Hydraulic conductivity tests were conducted on six bentonite-polymer (B–P) geosynthetic clay liners (GCLs) to investigate the effect of the slow cation exchange process and polymer elution on the long-term hydraulic conductivity of B–P GCLs. Tests were conducted up to 1458 days and as many as 443 pore volumes of flows (PVFs). Three B–P GCLs consist of linear polymer whereas the other three have crosslinked polymer. One sodium geosynthetic clay liner (Na–B GCL) was used as a control. Hydraulic conductivities (K6766) of B–P GCLs (5.4 × 10−12 m/s to 3.7 × 10−11 m/s) per ASTM D6766 were approximately 2-3 orders of magnitude lower than that of Na–B GCL (2.3 × 10−9 m/s to 3.5 × 10−9 m/s). Tests were continued after hydraulic and chemical equilibrium to investigate the long-term hydraulic conductivity of GCLs. Hydraulic conductivities of GCLs had an increasing trend after hydraulic and chemical equilibrium.

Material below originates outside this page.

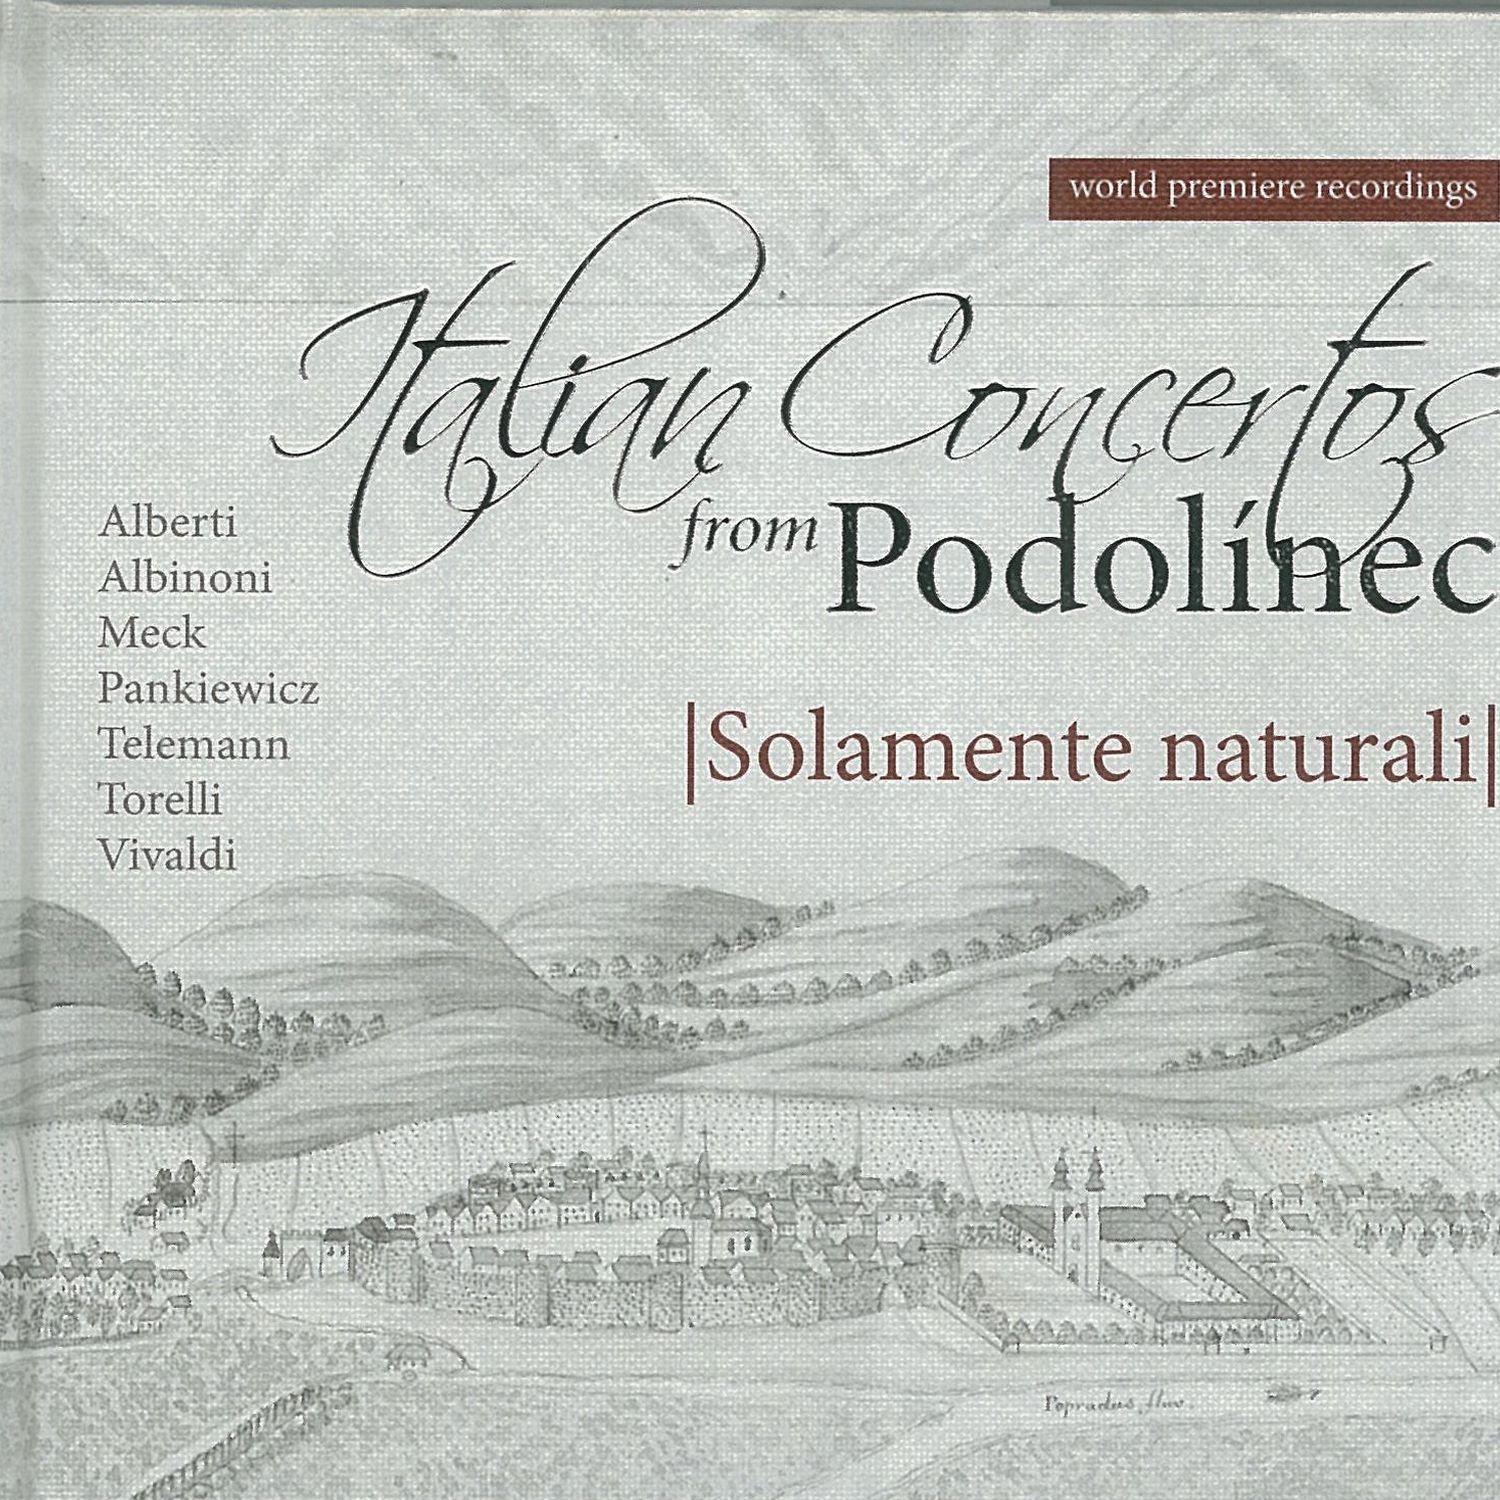 Italian Concertos from Podoli nec

The ratio of KL/K6766 for B–P GCLs was 3.5–14.7, whereas ratio of KL/K6766 for Na–B GCLs was 1.0–1.7. Total organic carbon (TOC) tests results confirmed that polymer elution occurred during the entire permeation process. The higher ratio of KL/K6766 for B–P GCLs was attributed to the effect of polymer elution.